Closed ketalar closed 1 year ago
I confirm (on built 2.0.0 too).
Everything is shown in the video from @ketalar The error can be triggered faster.
I'm not quite following. Html tags are not allowed in the metadata description. The opf file is xml. The only way to safely include html tags in the description metadata is to use Sigil's metadata editor (which will safely xml escape any tags that are entered).
If any unescaped tags already incorrectly preexist in an epub, they will certainly be corrupted when Sigil parses the opf in question.
In the OPF file, the HTML tags are written correctly.
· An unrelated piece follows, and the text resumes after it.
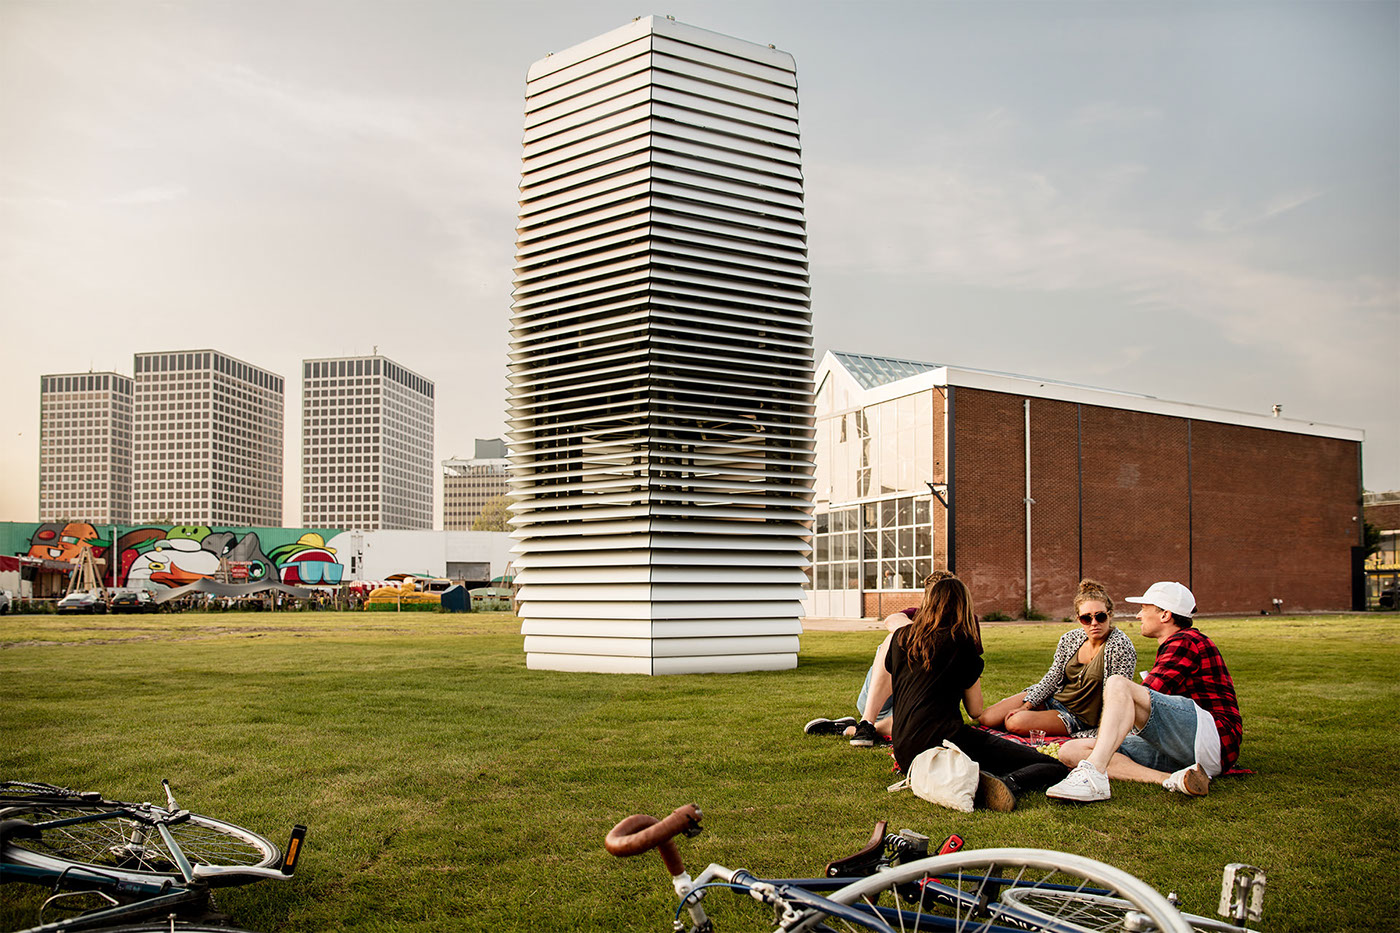 studio roosegaarde smog free tower daan roosegaarde Rotterdam crowdfunding ring Sustainability

<dc:description><p>Divorcé depuis peu etc.
Metadata Editor allows you to view and edit them.
But this case is different. Correctly saved tags are destroyed under special conditions. It's as if an incomplete (or double-crown) conversion is taking place.
It seems to be related to this particular file/description, because I can't prepare the minimum file to demonstrate the issue.
I see now that the description's html is indeed already xml escaped in the original. Something strange happening for sure.
Perhaps something to do with the entire metadata section of the opf being one massive line with no line-breaks?
I already know.
The
entity in the description in the metadata after renaming the image file is written as plain, while it should be written as &nbsp;
Saving the file cuts out the remaining "internal" entities.
Put
in Preserve Entities.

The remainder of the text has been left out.